Exercise instructions: Only the text belongs in the copy. Transcribe the data exactly and drop any pictures.

Material provided:

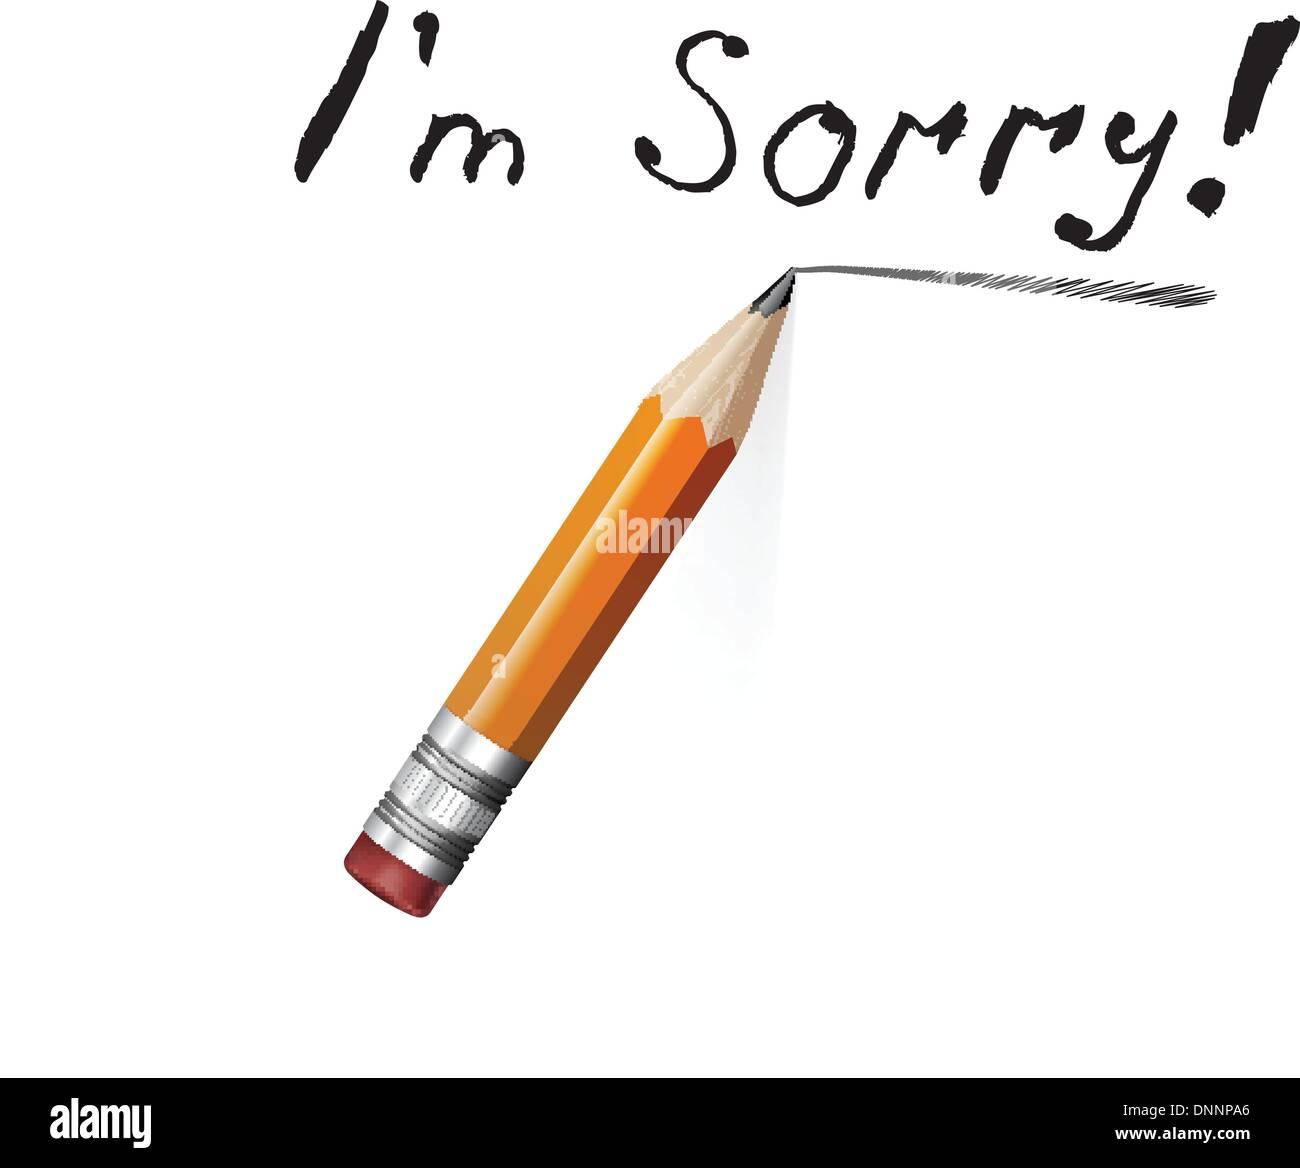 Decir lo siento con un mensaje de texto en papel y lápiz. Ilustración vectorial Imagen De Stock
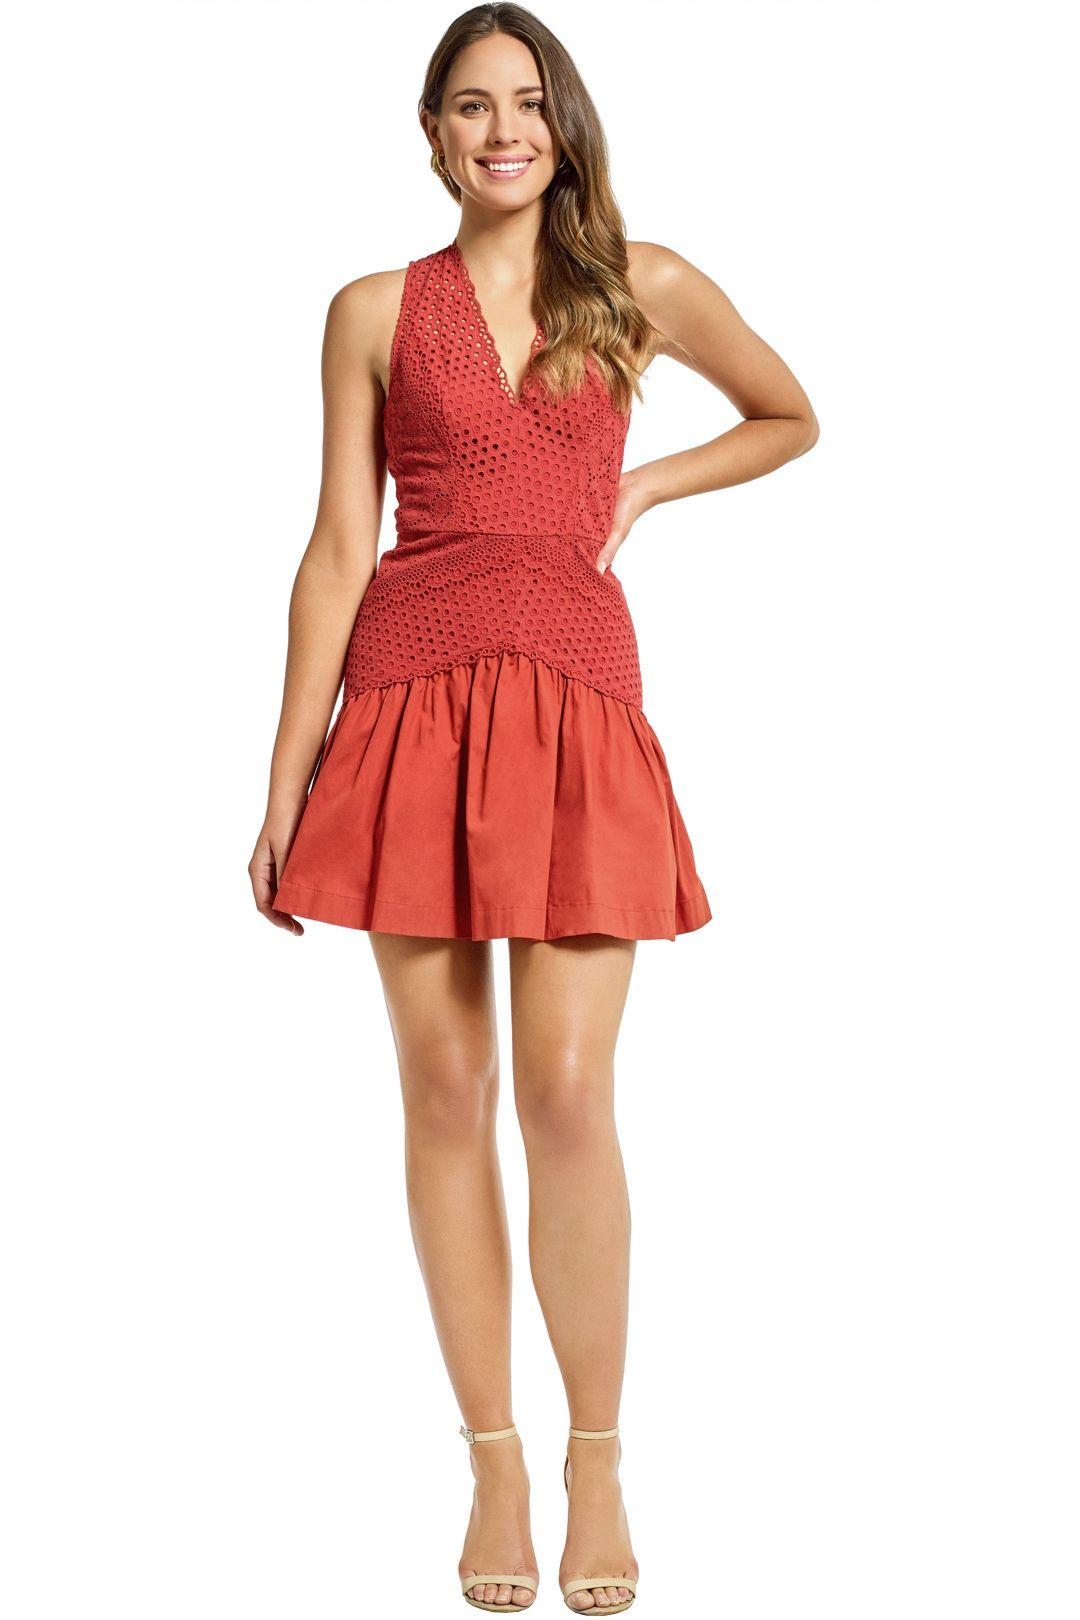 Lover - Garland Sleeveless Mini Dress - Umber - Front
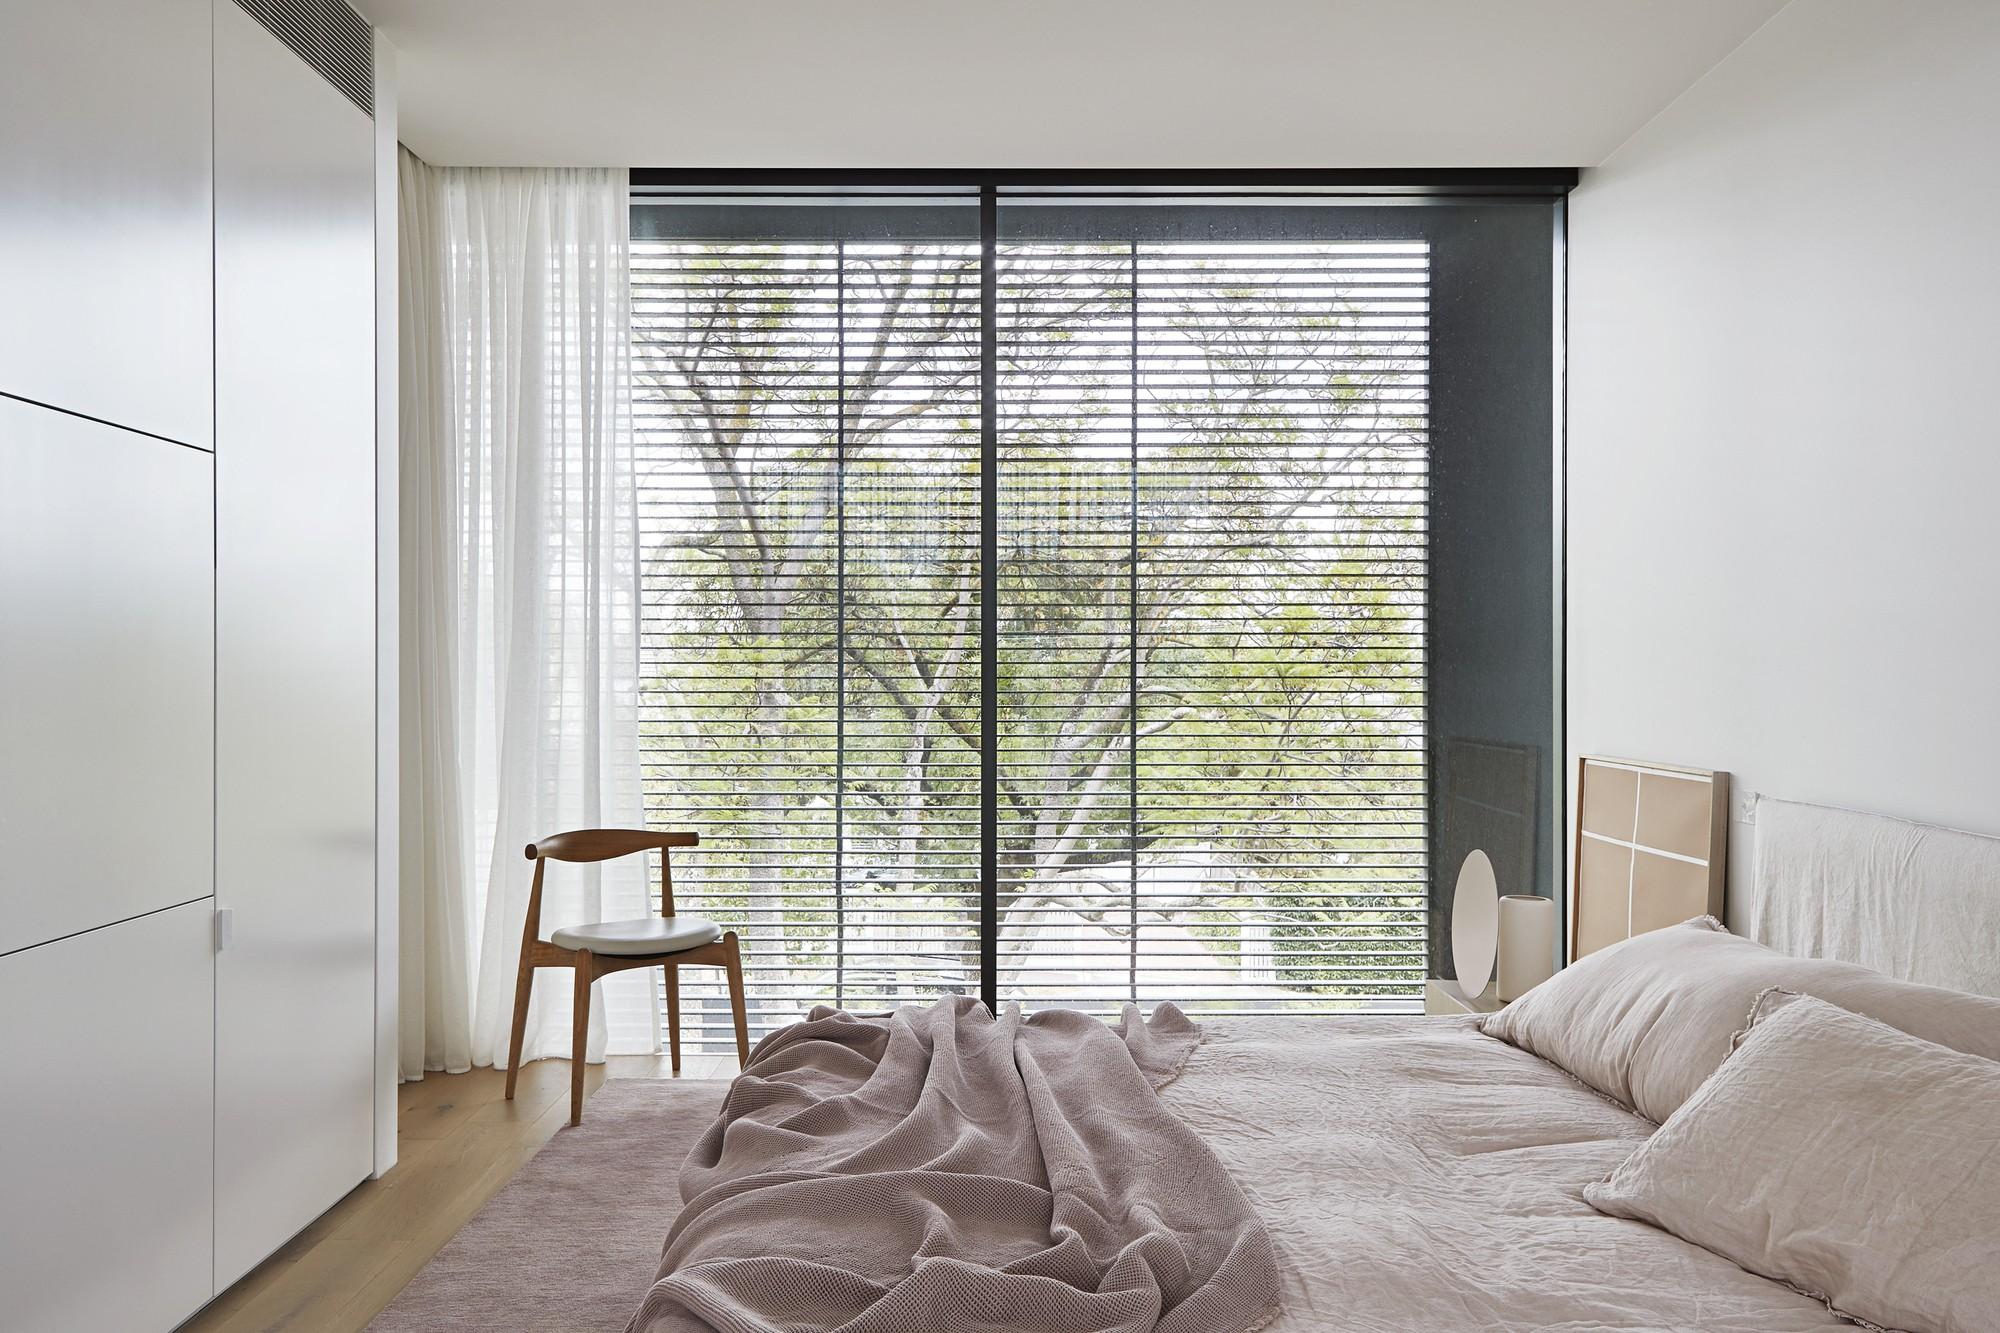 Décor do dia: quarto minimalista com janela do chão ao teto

Output for this task:
 Decir lo siento con un mensaje de texto en papel y lápiz. Ilustración vectorial Imagen De Stock
 Lover - Garland Sleeveless Mini Dress - Umber - Front
 Décor do dia: quarto minimalista com janela do chão ao teto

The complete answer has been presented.